A recent edition of Biological Research (38: 27-29, 2005) included an article by R. F. Nespolo with a very unusual title: "*New invariants and dimensionless numbers: futile renaissance of old fallacies?*" This paper contains a rather ranting criticism of our paper "*Homeostasis and heterostasis: from invariant to dimensionless numbers*" (Biol. Res. 36: 211-221, 2003), and therefore we are obliged to respond to Nespolo's comments in detail.

A) General objections

Our disagreements with Nespolo's commentary begin with the title. What are the so-called "old fallacies" that he refers to? He fails to clearly identify them. Furthermore, we believe that the concept of "new invariant numbers" does not infer a "renaissance of old fallacies," but rather the addition of new aspects of current research.

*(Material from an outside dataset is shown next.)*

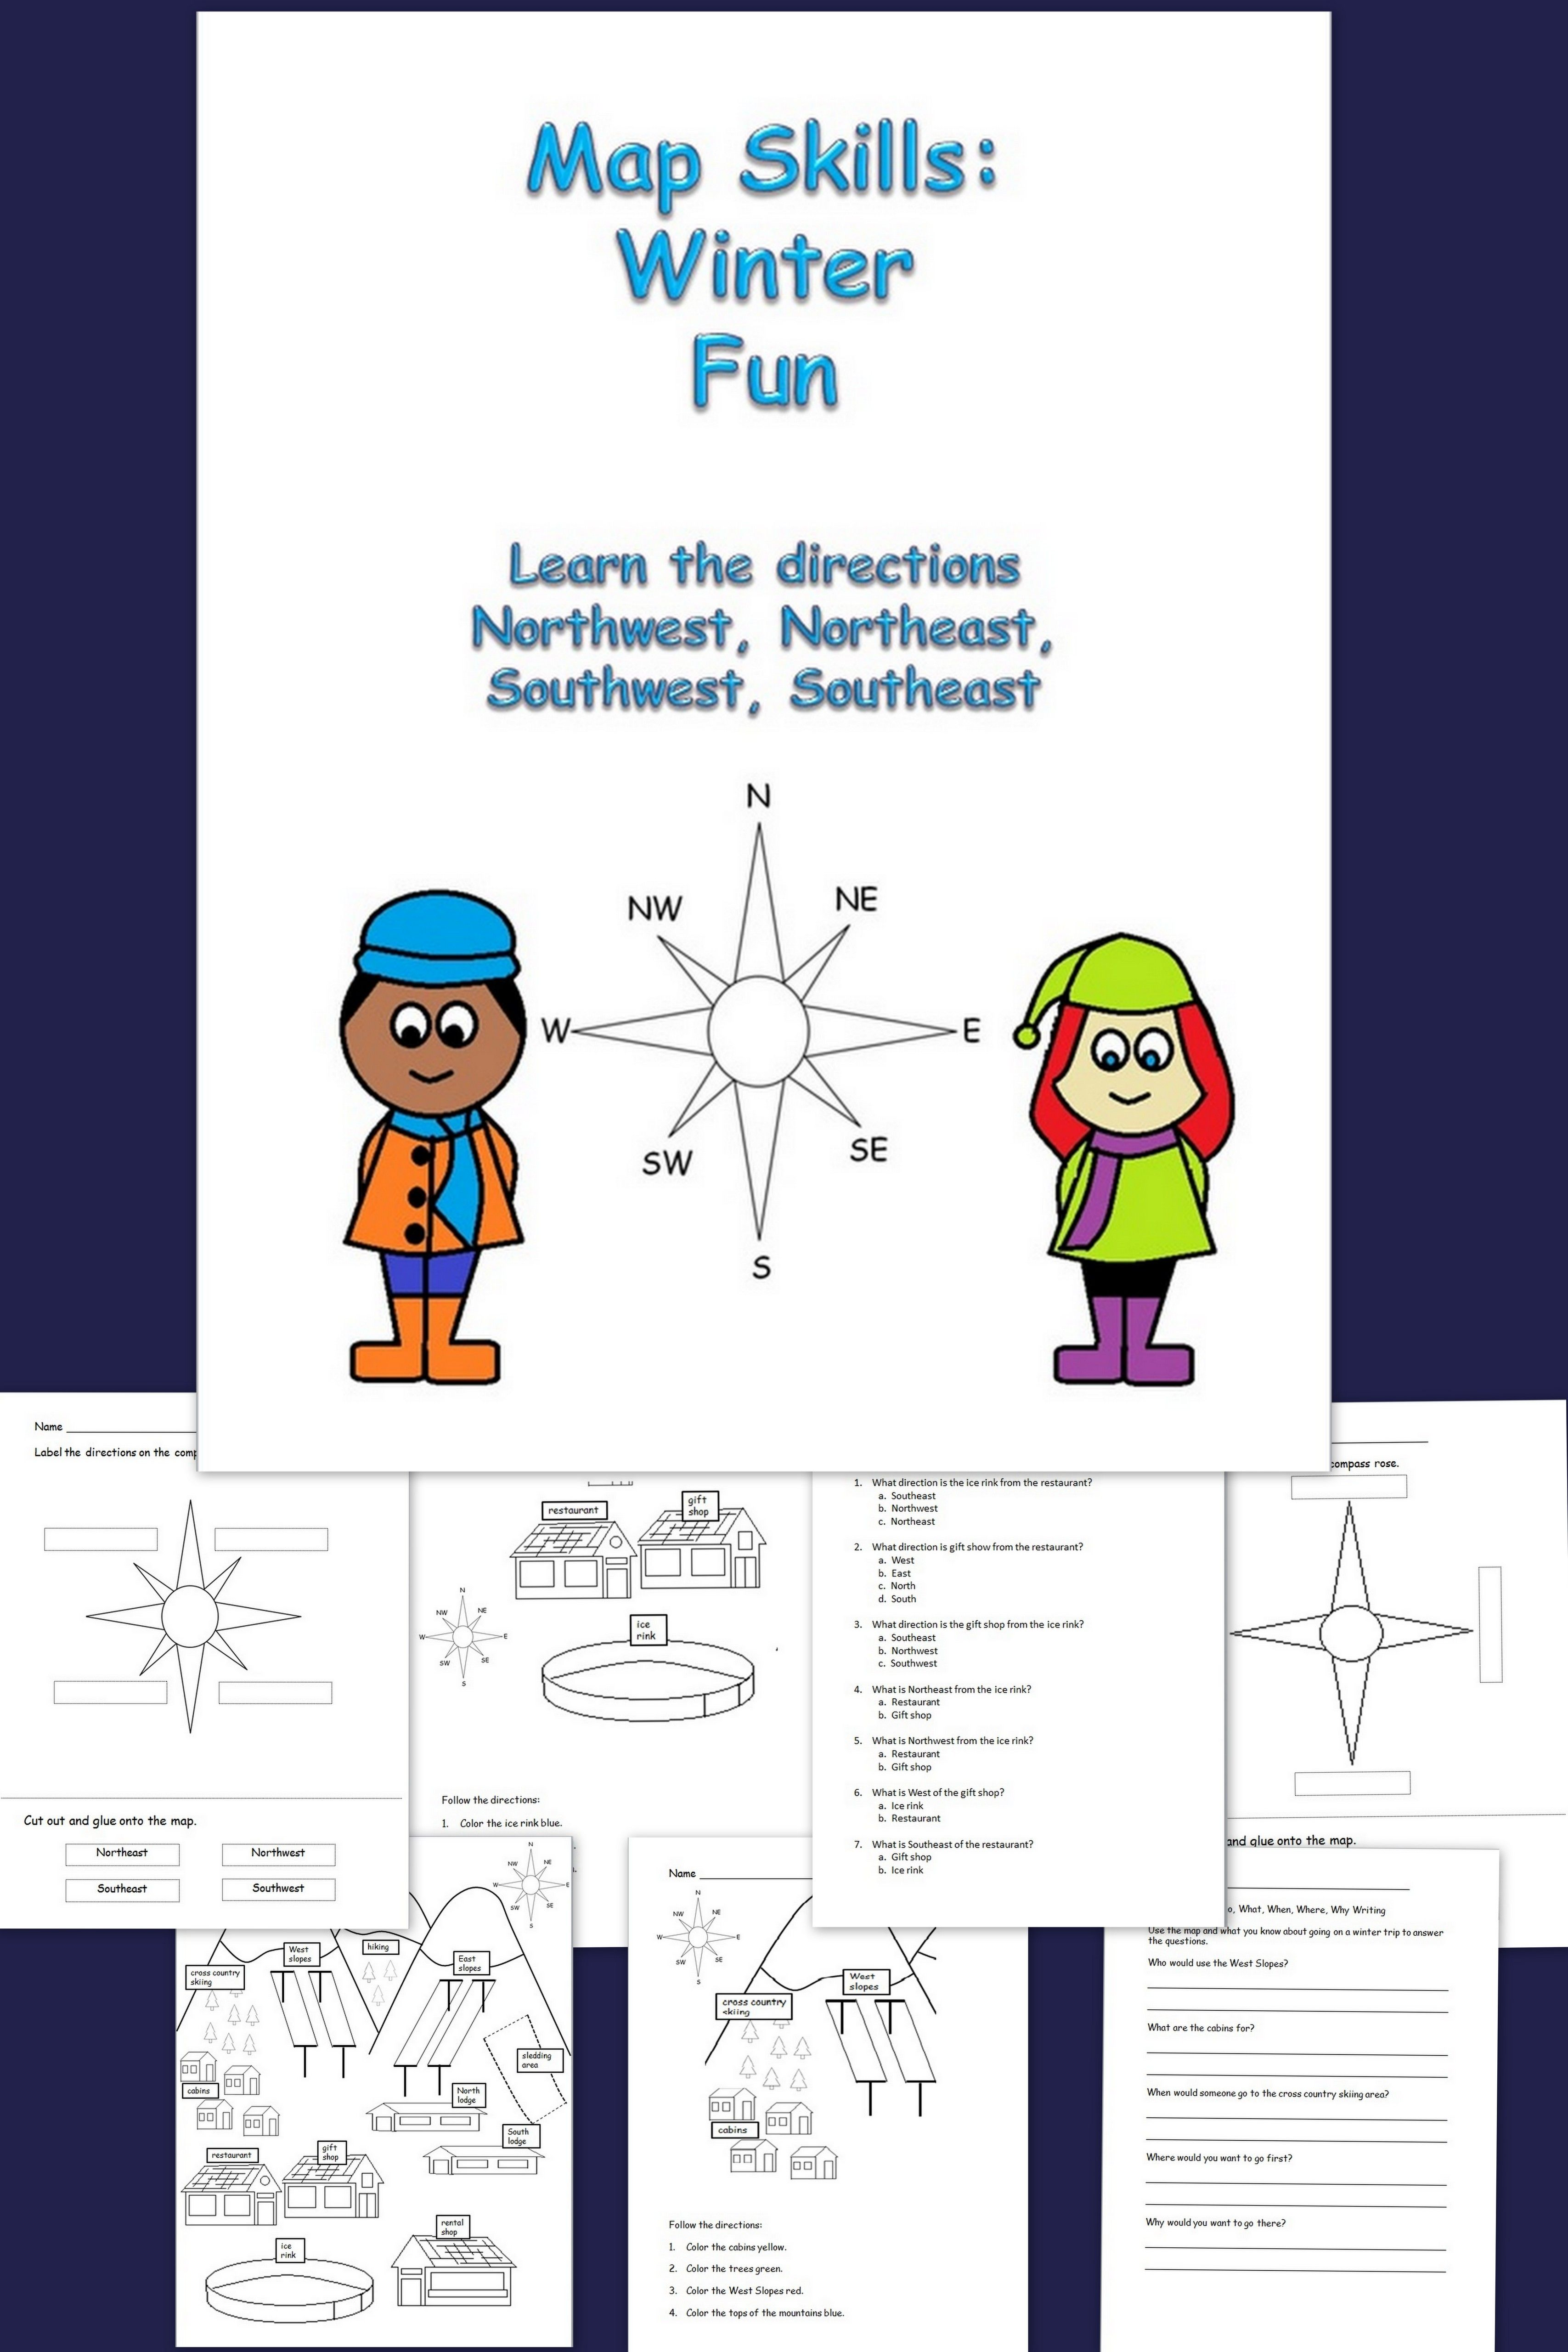 Map Skills Winter Fun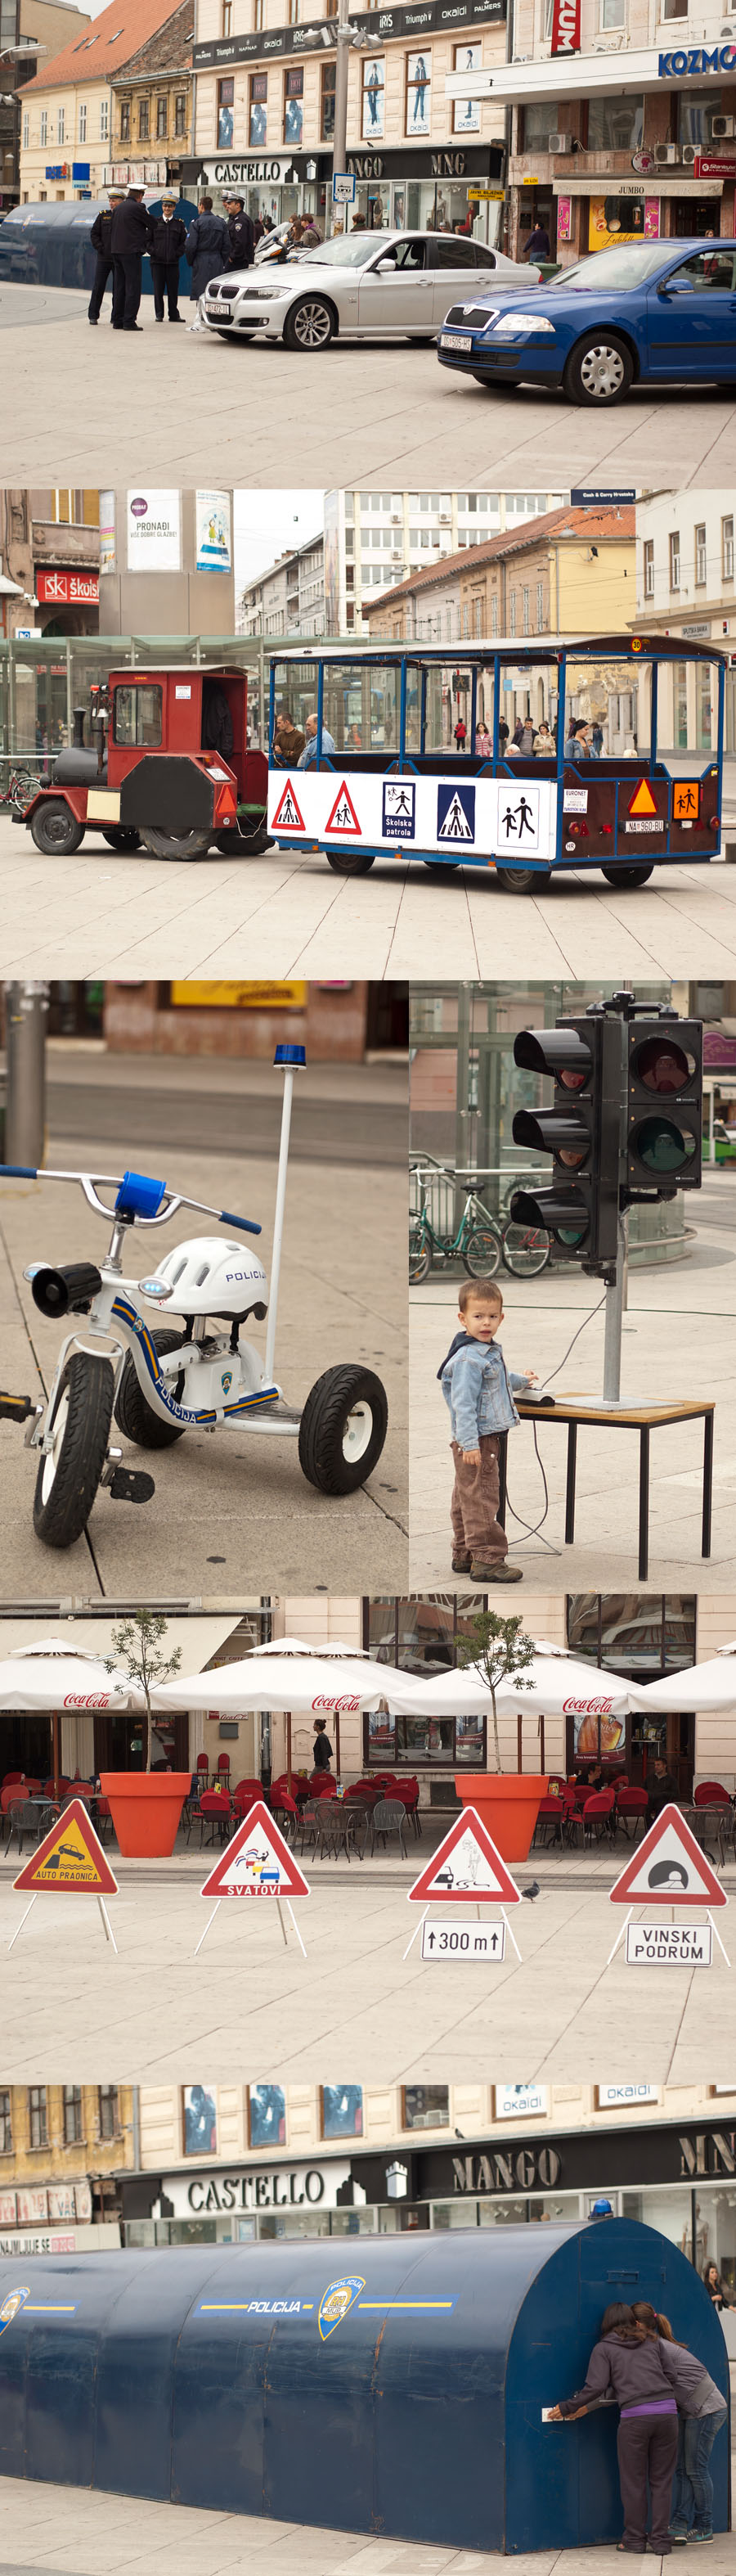 Poštujte naše znakove  foto: [b]Ante Delač[/b]  Ključne riječi: trg mup prezentacija prometni znakovi

It is commonly known that dimensionless and invariant numbers can be obtained by several procedures (Günther and Morgado, 2003a; Li, 2000; Schepartz, 1980; Stahl, 1962) that finally yield "pure" numbers. Moreover, an invariant number simply means devoid of physical dimensions (M^{0}L^{0}T^{0}), while dimensionless numbers can maintain a significant dependence on body mass, a fact that can be exemplified by "residual mass exponents." From this perspective, an invariant number should be a constant, although in Charnov's words, "how constant is constant enough to be considered invariant is worthy of much thought" (1993, p: 5).

As is well known, some "invariant" numbers can be obtained by combining universal constants, although the numerical values of these universal constants are experimentally determined and subject to statistical variations. The different values obtained for these universal constants can lead to significant contributions in cosmology, such as the prediction of the existence of innumerable parallel universes (Barrow and Webb, 2005). From this perspective, the matter of dimensionless or invariant numbers is not a "fallacy," and therefore "not futile."

The subject of dimensionless and invariant numbers is currently an active field of investigation, and certainly not restricted to physics. For example, the "Handbook of Physics and Chemistry," features several hundred dimensionless groups with applications in modern engineering (Weast, 1983). The biological sciences also include many contributions in this field (Vogel, 2003; Charnov, 1993; Brown and West, 2000).

When Buckhingham's theorem is used to calculate dimensionless numbers from a set of dimensional variables, dimensionless parameters that are independent of body mass are obtained first and their ratio is not only dimensionless, but also independent of body mass. In this sense, they are considered invariant numbers as well as dimensionless constants. This invariance means that the relationship obtained is valid for the entire animal model. Some authors have also employed allometric equations to obtain dimensionless and invariant numbers (Li, 2000).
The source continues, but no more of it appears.